Estimating the rate of target collection in the map search task. (a) Two example maps, red markers indicate gas stations. (b) Heatmaps showing the distribution of search clicks in these maps, averaged over all subjects. Pixels colored red are areas that were searched most frequently; dark blue areas were search least frequently. (c) Cumulative targets per area of the map searched, assuming search from most-frequent to least-frequent locations, averaged over maps with at least one target. The solid line is the empirical curve from the heatmaps in (b); the dotted line is the fitted curve used in modeling. Map imagery © Google, Digital Globe and Orbis, Inc. (Color figure online)

Knowing the expected rate of target collection allows a forager to choose the optimal time to quit a guided search task. It also allows a forager to refine their expectations about the number of targets in a patch, since the expected rate also depends on the number of targets in the patch. By comparing the actual number of targets collected to the expected collection rates for different numbers of targets initially in the patch, a forager can determine what target count is most probable.

How the expected rate of target collection varies with the number of targets depends on how strongly guided the search is. If search is completely random, the odds of finding a target on each click is directly proportional to the number of targets available: If the odds of finding a target on the first search click is p in an image with one target, the odds of finding a target on the first click in an image with 10 targets is 10p. However, this is not quite correct for guided search: If the odds of finding a target on the first search click is 95% in an image with one target, the odds of finding a target on the first click in an image with 10 targets is higher, but it's not 950%. Understanding how the search expectations vary with the number of targets in the image requires representing guided search as a signal detection problem.

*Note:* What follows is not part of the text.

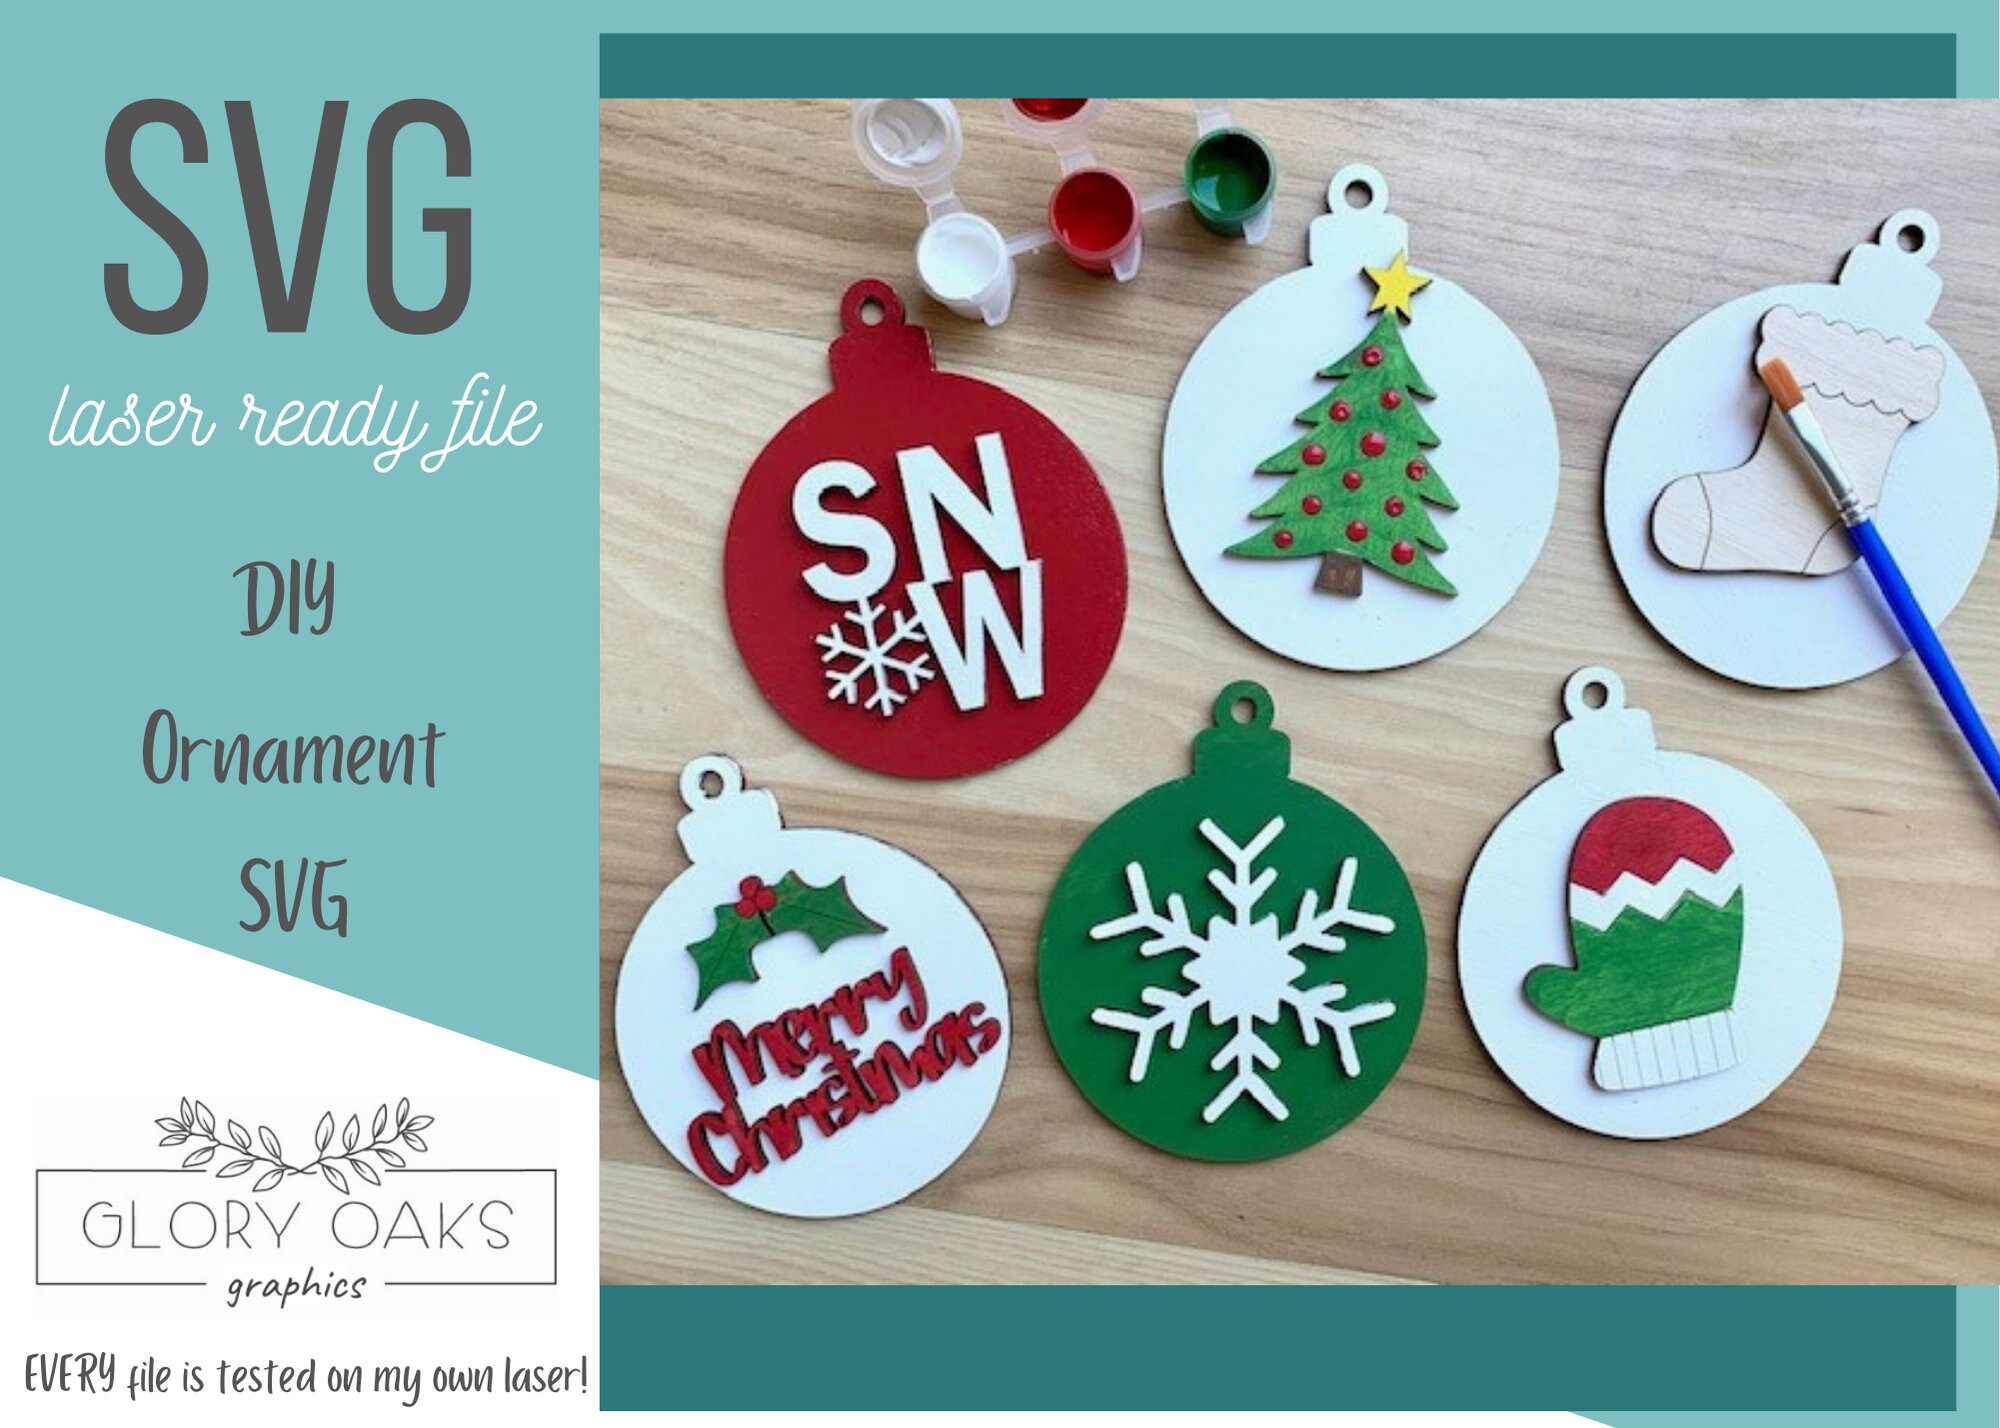 DIY Christmas Ornament Kit. Macrame Christmas Ornament Set. Christmas Craft  Kits for Adults and Kids. Macrame Star. Christmas Home Decor Diy

Let us assume that, when deciding where to click next on each map, participants must make a two-alternative, forced-choice decision about whether a region will contain a target or not. This decision is based on a “targetness” signal that is computed from local visual features that resemble the target and spatial location information that suggests where a target is most likely to be present. For example, if the search task is to find blue cars in a parking lot scene, then image locations that have blue colors and are in the bottom half of the image (not the sky) are the most likely target locations. This targetness signal probably wouldn’t be perfect for most search tasks. If the signal is thresholded, then search actions (fixations or clicks) guided by this targetness signal can be classified into hits or false alarms according to whether or not they land on a target. For example, in the car search task, the viewer’s first two fixations might fall on a blue mailbox and a blue car: The former could be considered a false alarm and the latter a hit. In fact, we can think of search efficiency as reflecting how well target regions and distractor regions (meaning, regions which do not contain a target) are separated by the targetness signal (Wolfe, 2007). Again, for simplicity, we assume that regions do not overlap and either are or are not targets.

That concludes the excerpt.